CTM40415 - Particular bodies: housing associations: co- operatives: background

The aim behind co-operative, or ‘co-ownership', housing associations is to give tenant-members some of the benefits enjoyed by owner-occupiers by treating them collectively as such. A co- ownership housing association normally consists of a number of persons who collectively own a group of houses or flats, the cost of which has been financed on mortgage. The association holds the legal title to the land and is mortgagor; the members occupy the dwellings under short tenancy agreements or leases from the association. All members of the association have to be tenants or prospective tenants and all tenants have to be members of the association. Rents payable to the association are fixed at a figure to cover the member's share of the total annual outgoings, including mortgage interest payments and repayments of capital.
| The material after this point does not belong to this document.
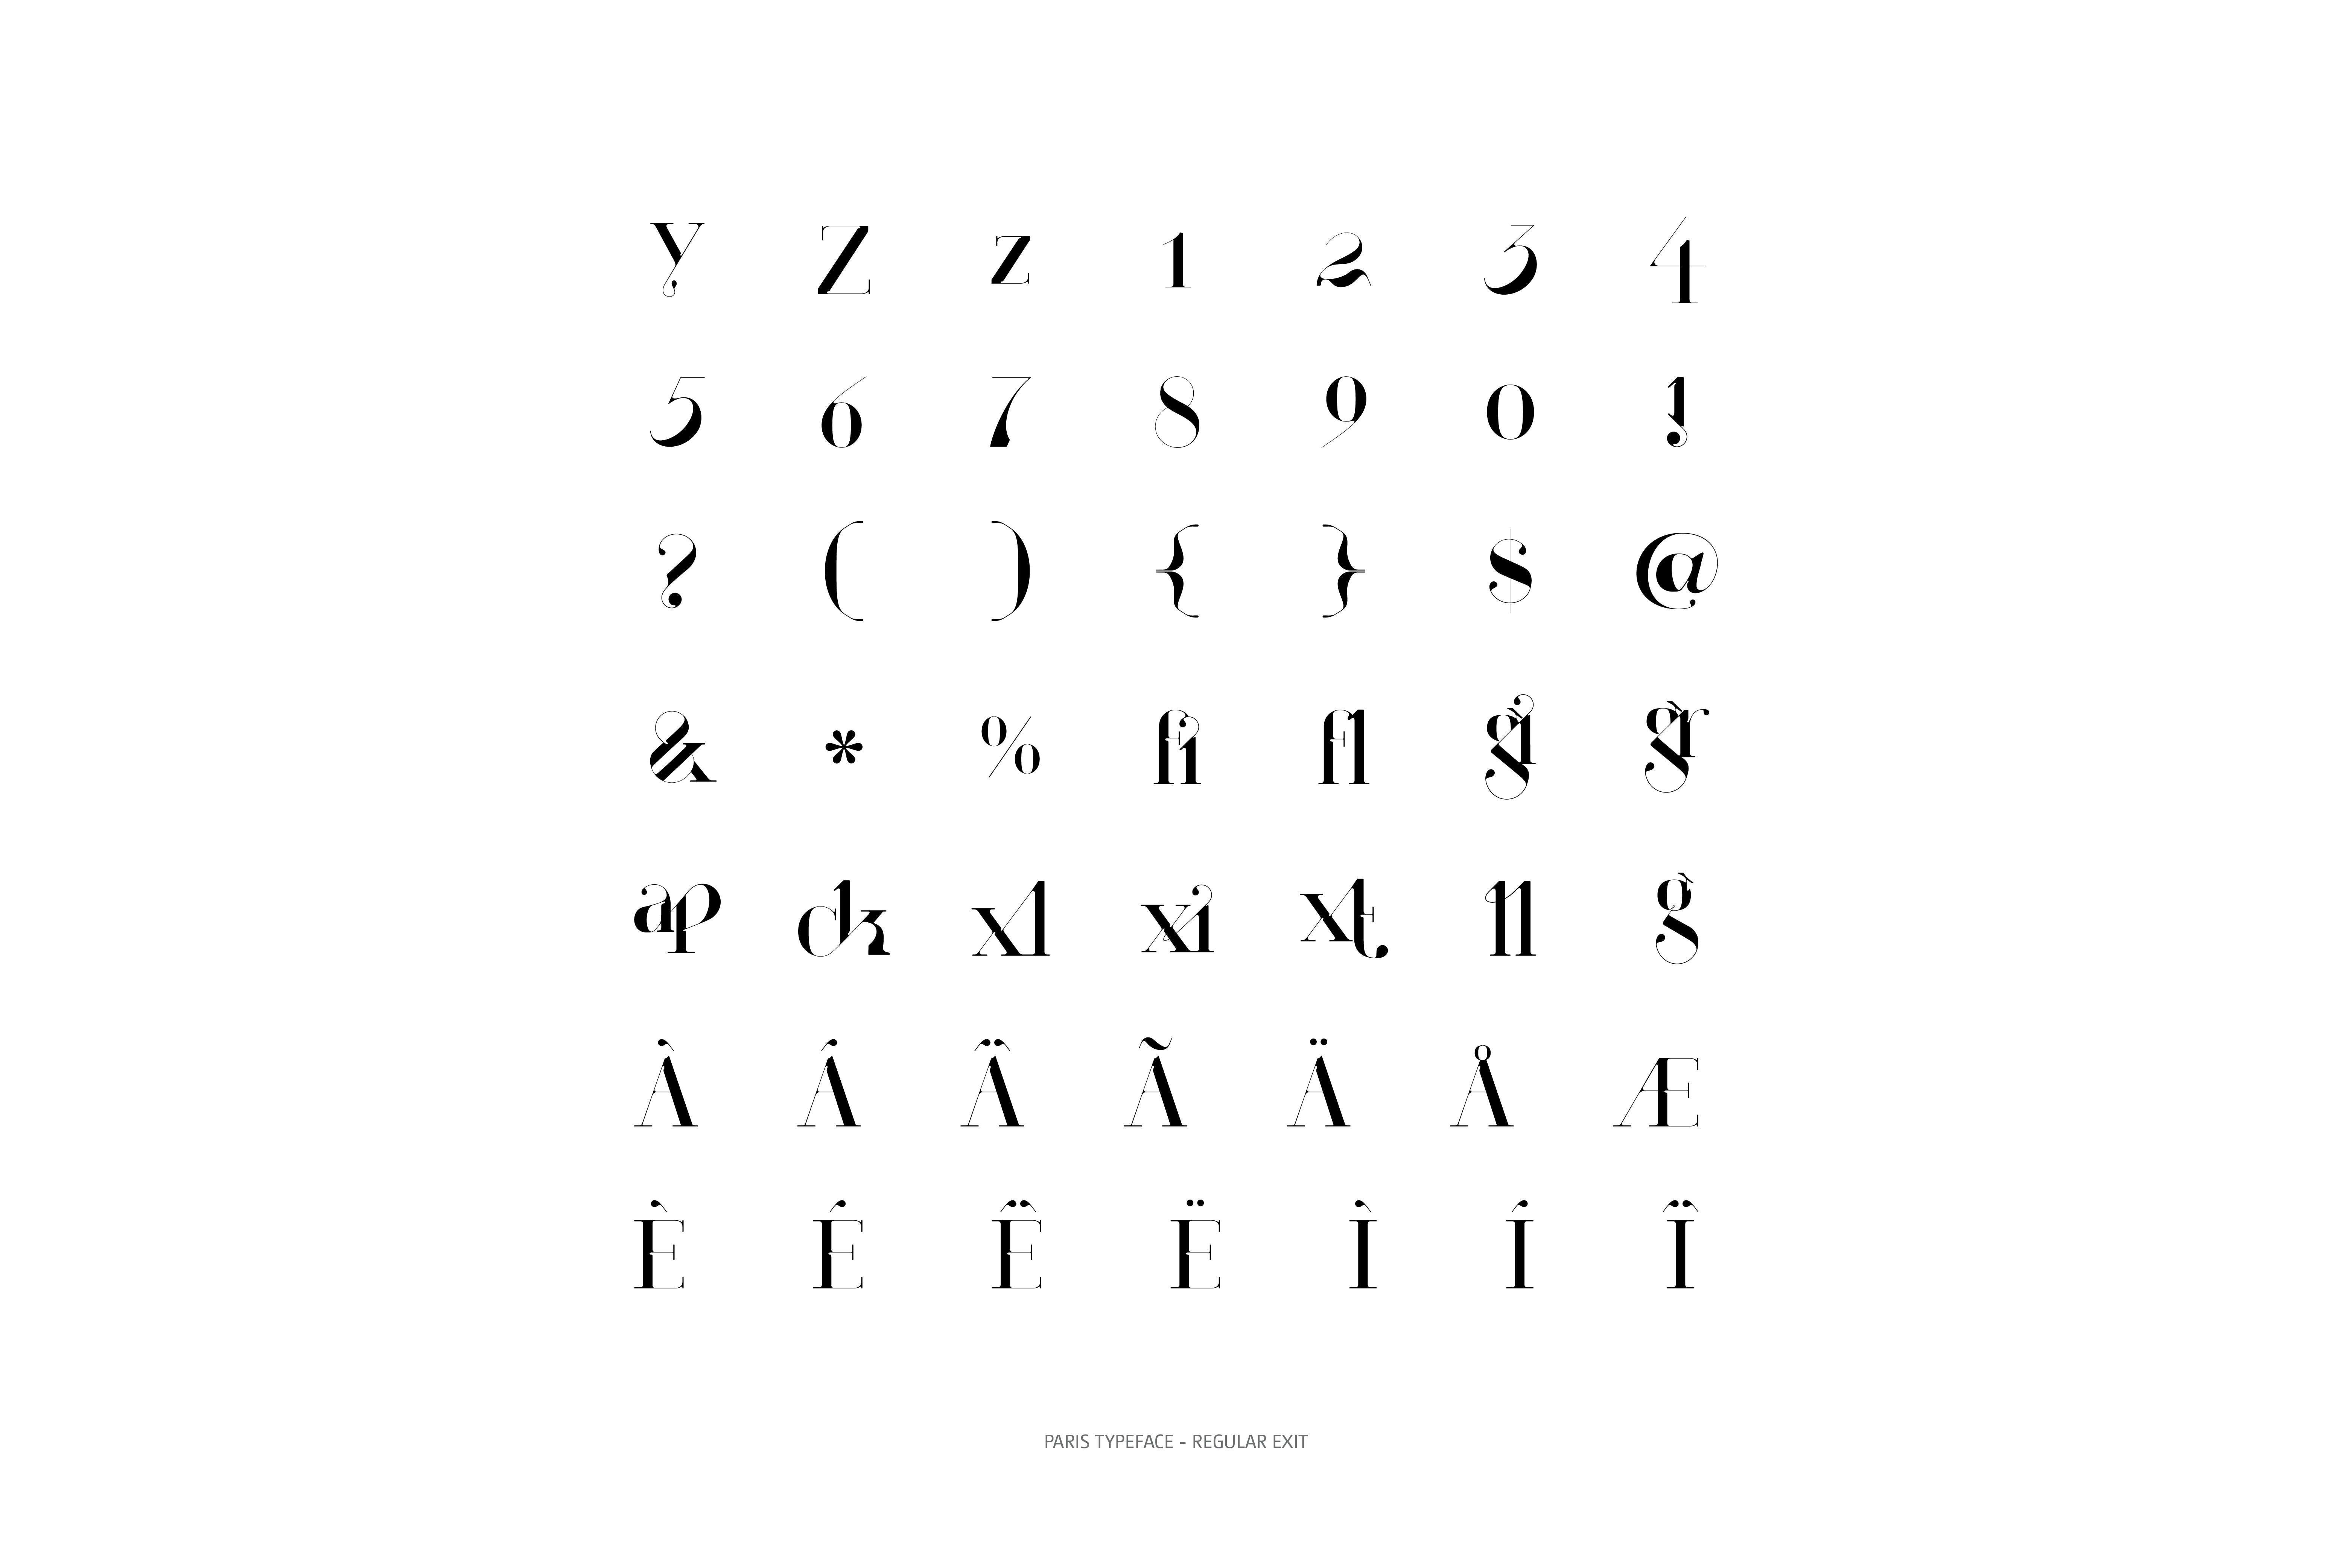 Paris Typeface Regular Exit glyphs collection

On joining the association, a member will normally have purchased a share of nominal value and sometimes also repayable loan stock to the value of, say, 5% of the cost of his house or flat. When he leaves, he surrenders his lease to the association and is repaid his loan capital (if any). If he has occupied his house for not less than three years, he will also receive a premium which takes into account his share of the capital repayment made by the association and any increase in the market value of his property at the date of leaving. The premium should be regarded as consideration for the disposal of an interest in the property previously occupied by the outgoing member and therefore within the scope of CGT. In most cases, however, exemption will be due under TCGA92/S222 (private residence relief - see CG64200 onwards).